Pain Expectations in Subjects With Osteoarthritis

NCT ID: NCT02155257

Last Updated: 2019-03-07

Basic Information

• Recruitment Status: COMPLETED
• Clinical Phase: PHASE4
• Total Enrollment: 30 participants
• Study Classification: INTERVENTIONAL
• Study Start Date: 2014-07-31
• Study Completion Date: 2017-10-31

Brief Summary

The purpose of this research study is to test whether or not researchers can alter or change expectations on pain. The researchers will test whether there is an effect on the size of the pupil and responses to thermal heat temperatures in subjects with osteoarthritis of the knee or hip or healthy subjects for comparison.

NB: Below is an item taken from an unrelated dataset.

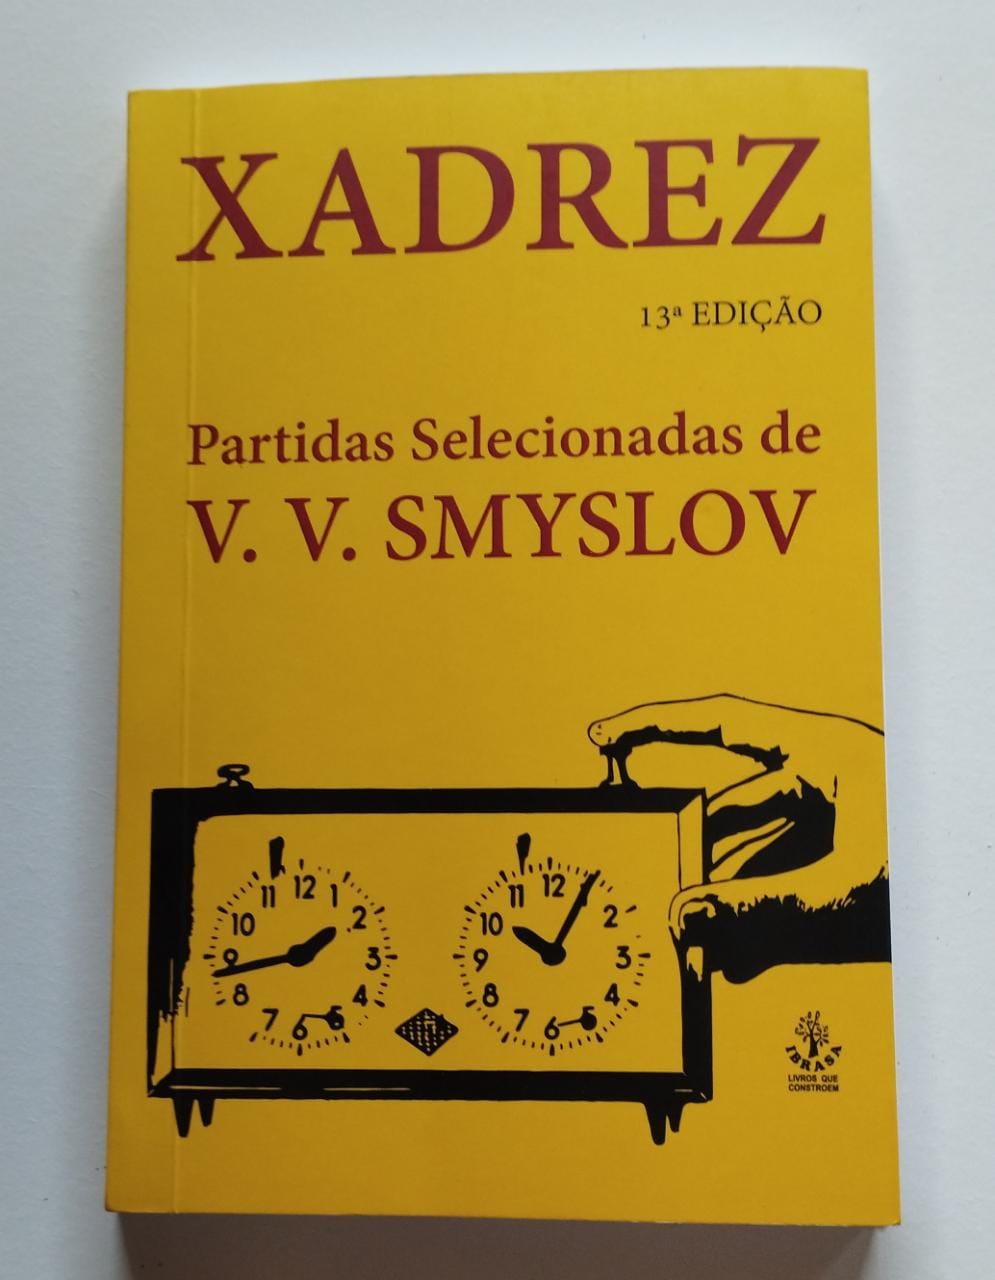 Livro Partidas Selecionadas Vasily Smyslov [Sob Encomenda: Envio em 25  dias] - A lojinha de xadrez que virou mania nacional!

One of 3 possible treatment groups will be administered to qualifying subjects: (1) gabapentin, a medication that is commonly used to treat nerve pain, (2) modafinil, a medication that is commonly used to treat people with narcolepsy (a disorder that causes people to fall asleep) and (3) a placebo, which is an inactive substance, like a sugar pill, that is not thought to have any effect on your disease or condition

Detailed Description

Purpose and rationale for this study: Both chronic pain and disability after total knee replacement surgery are predicted by negative cognitive-affective state, characterized by depression, anxiety, and a cognitive style dominated by catastrophizing. How this negative state results in chronic pain and disability is not known, but we hypothesize that it causes dysfunction of the release of the neurotransmitter, norepinephrine in several regions of the brain, mid-brain, and spinal cord that are important to many processes involved in recovery from surgery.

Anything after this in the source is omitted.